2025-04-19 Update From: SLTechnology News&Howtos shulou NAV: SLTechnology News&Howtos > Servers >

Shulou(Shulou.com)06/03 Report--

Compulsory arbitration is a common operation in WSFC cluster management. Under what circumstances should compulsory arbitration be carried out and whether it will affect the cluster after compulsory arbitration? Lao Wang will discuss with you in detail in this article. In order to facilitate understanding, I will briefly review the cluster database and the concept of arbitration involved in compulsory arbitration, so that you can better understand and think about compulsory arbitration.
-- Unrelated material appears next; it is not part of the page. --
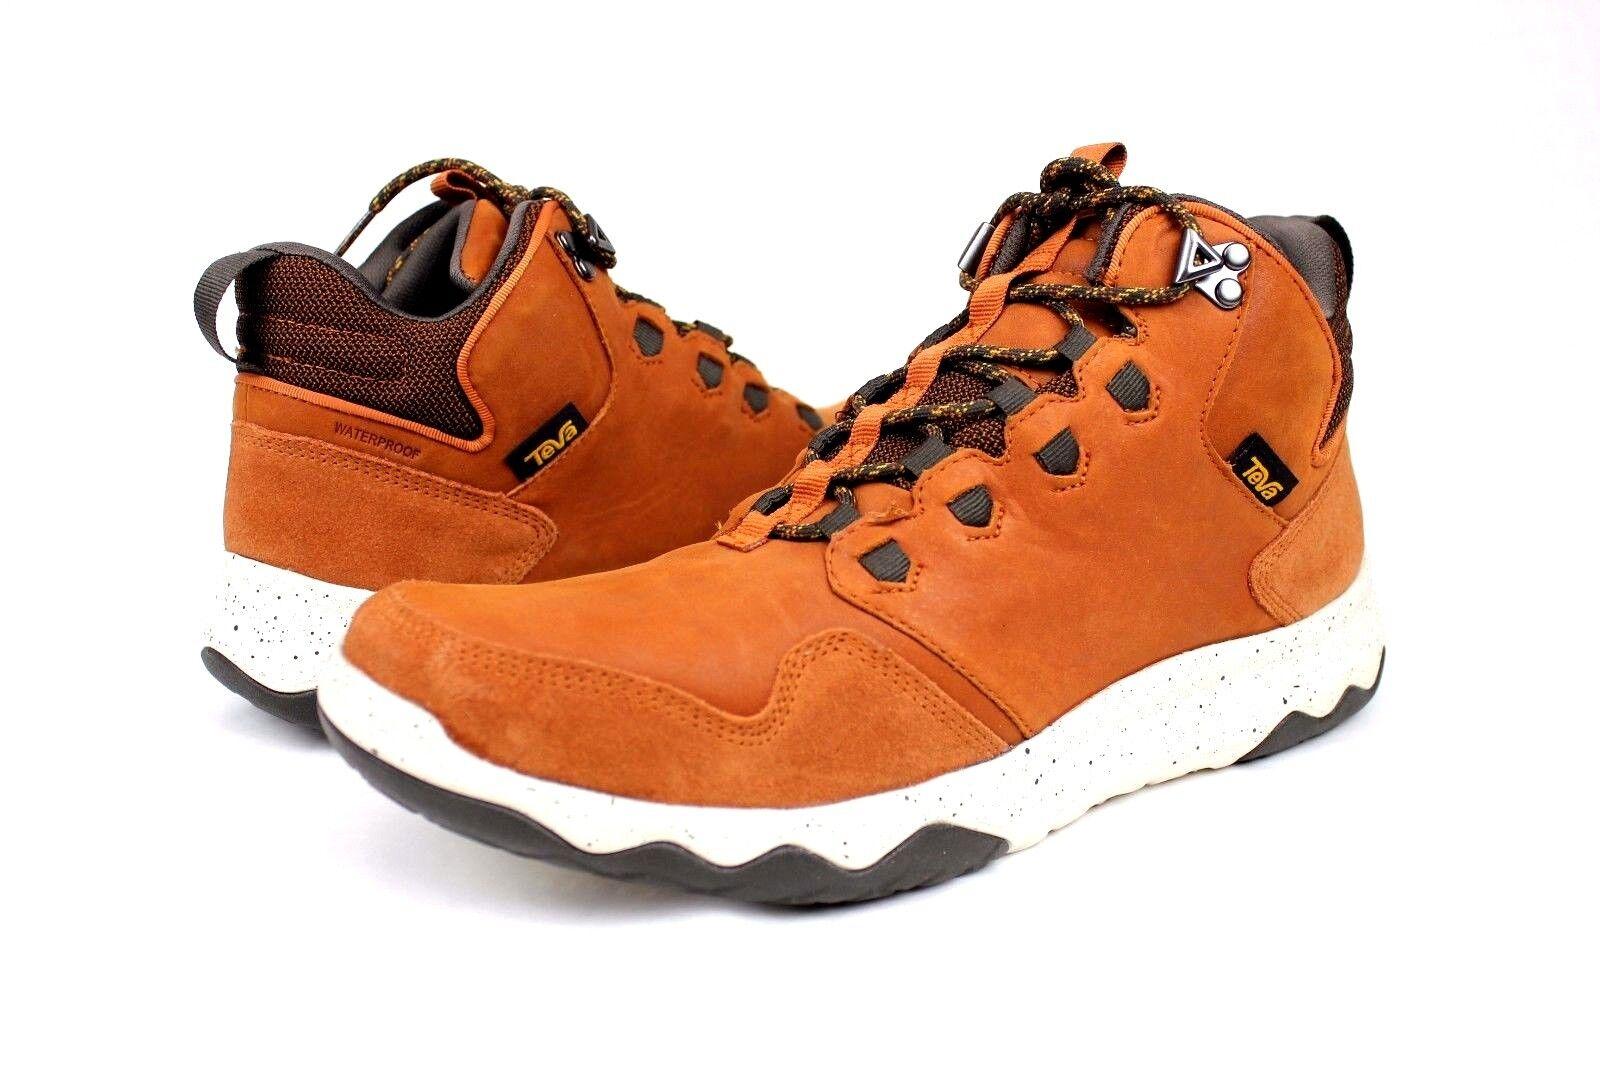 88c2a4101 Buy Teva Arrowood Lux Mid Waterproof Hiker BOOTS Cognac Size 10.5 ...

First of all, let's take a look at the cluster database. Many friends may not know this concept. Lao Wang has a special article earlier, so here is only a summary. To put it simply, the cluster database is a configuration database operated by Microsoft WSFC, which exists in each node registry and witness disk.
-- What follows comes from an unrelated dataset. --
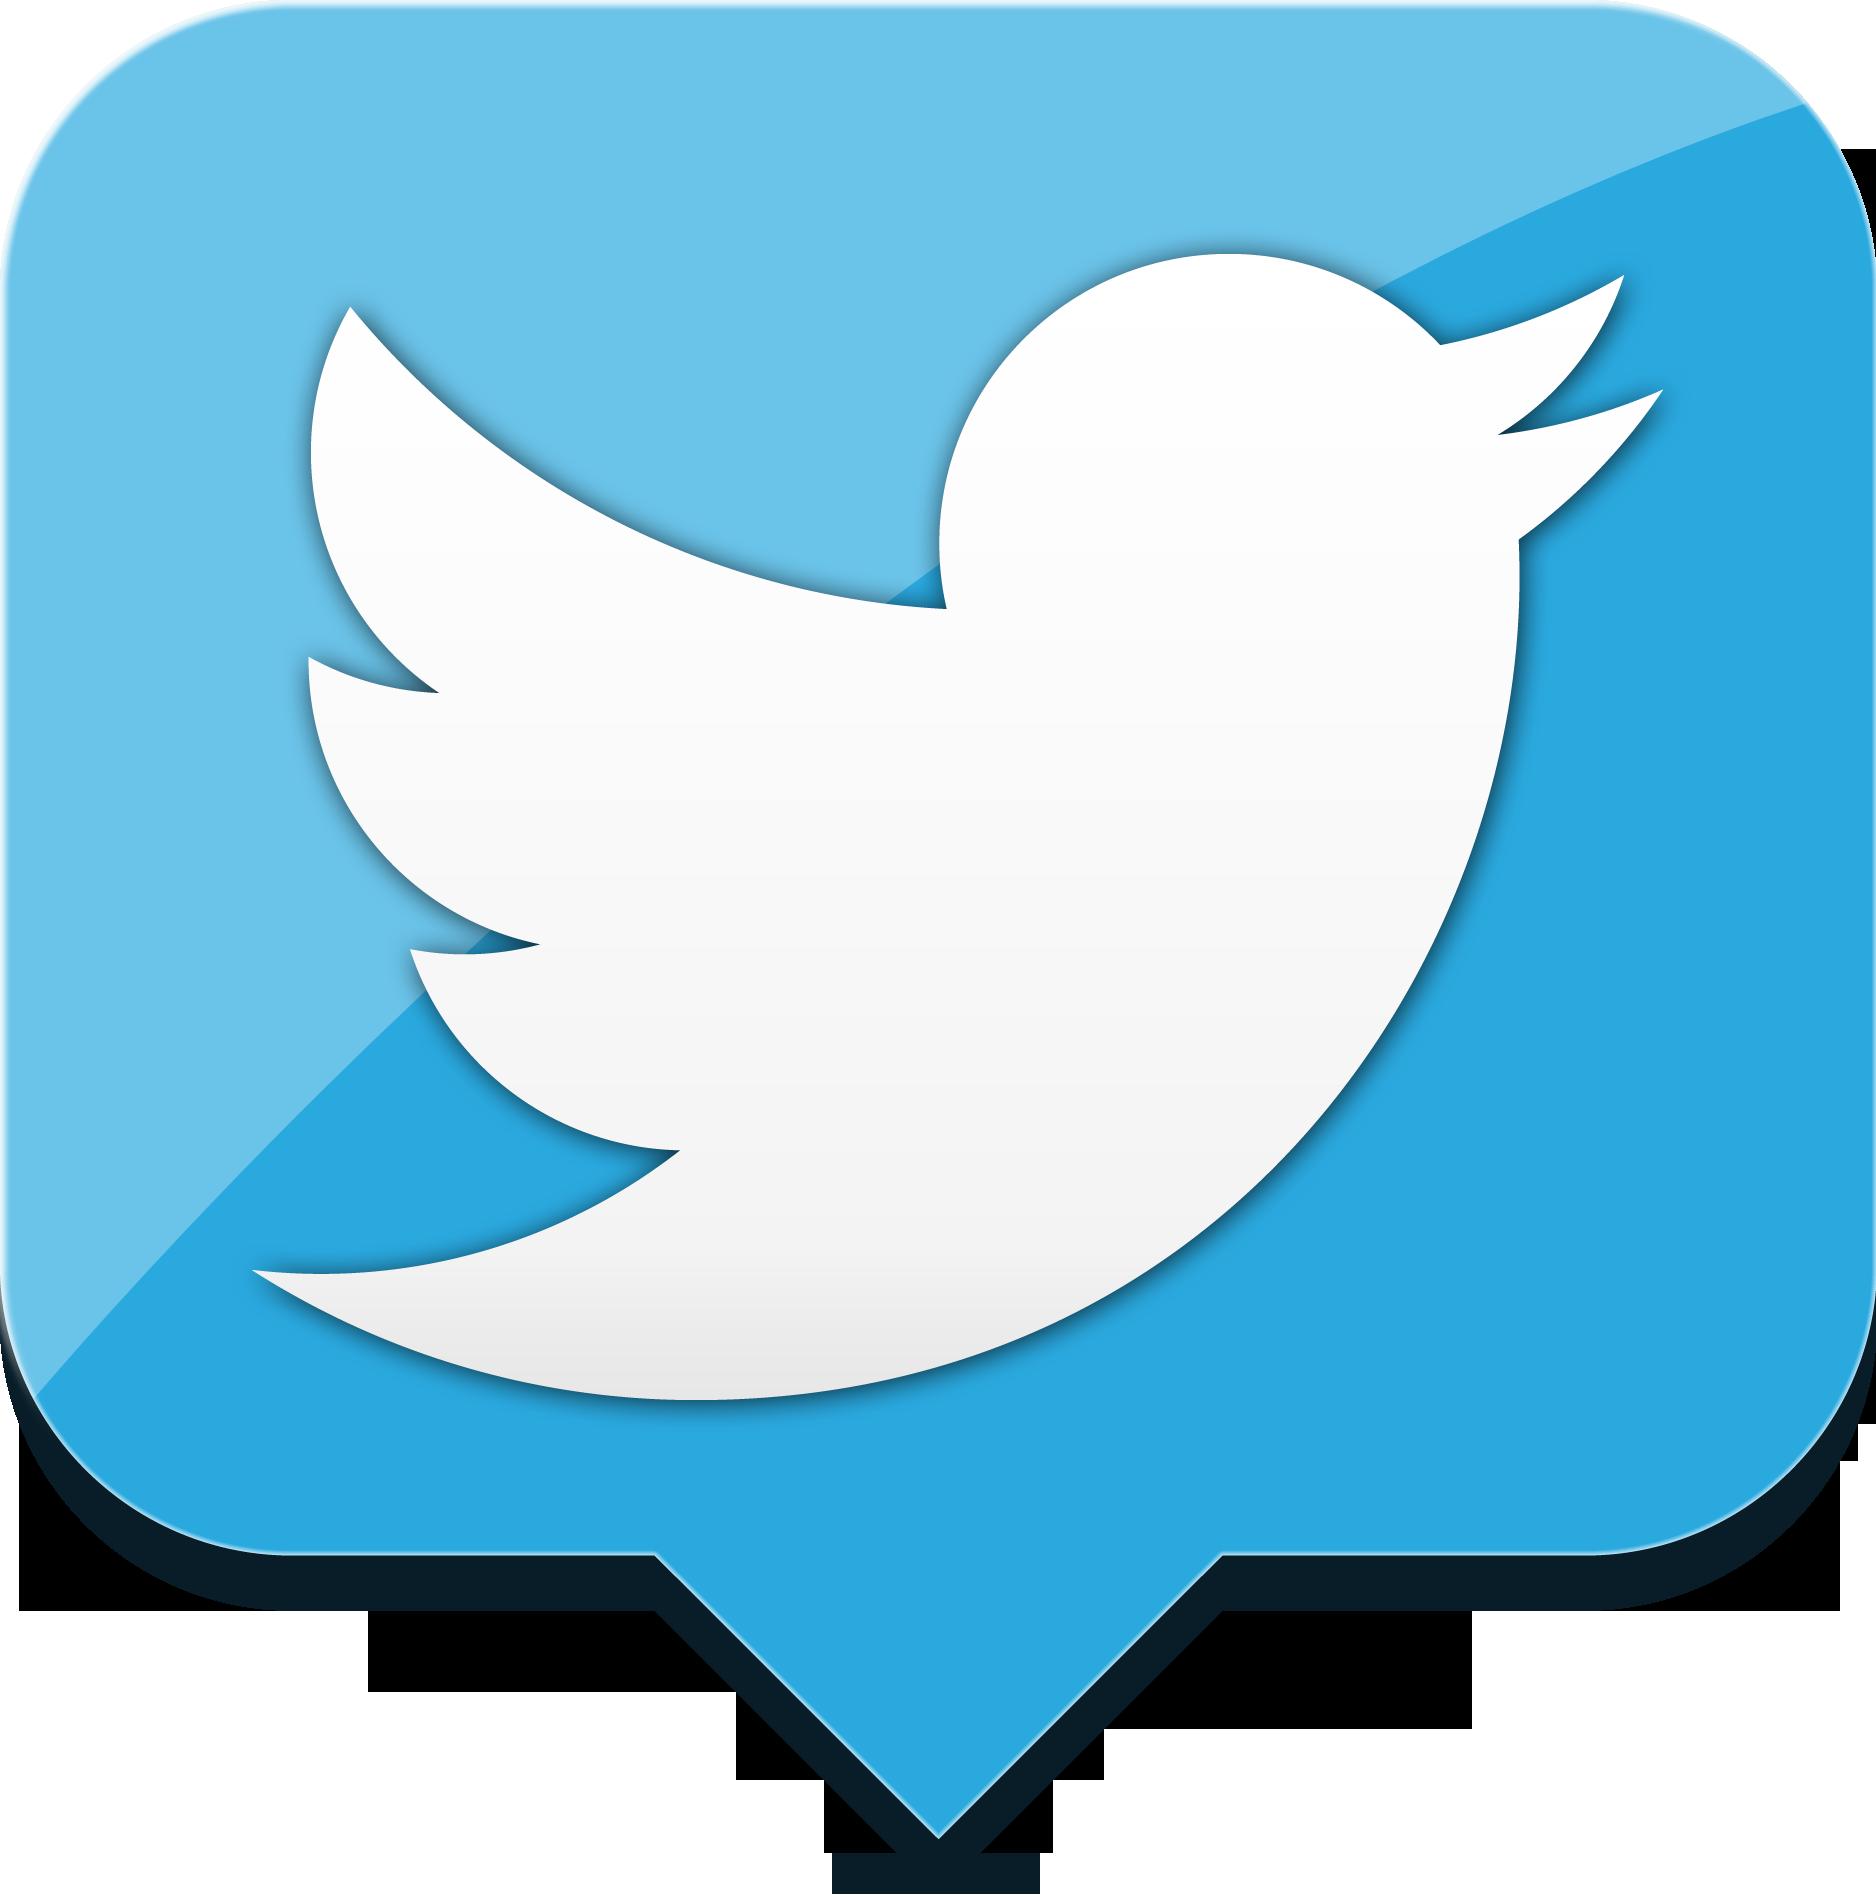 Segui Arcadianet su Twitter

Main uses of cluster database

When each node of the cluster starts, check whether the cluster database registry configuration unit is complete, if it is complete, it can allow the node to start the cluster service normally. If it is incomplete, it needs to be synchronized with other nodes before the service can be provided normally.

During the operation of the cluster, the metadata is synchronized in real time to maintain the consistency of the cluster information of each node, and as a reference for failover, during the normal operation of WSFC, the configuration data such as the status of the cluster node, the status of the cluster and the role of the cluster will be recorded in the registry of each node. During the operation of the cluster, the information of the cluster is modified on each node, and the modified data will be synchronized to each node, and the cluster will witness the disk. The cluster communication network is used during synchronization, in which the cluster roles currently hosted by each node are synchronized, so that each node and the witness disk know what services are being carried on each other, and in the event of a failover, other nodes detect the registry unit and mount the cluster roles originally hosted by the down node online.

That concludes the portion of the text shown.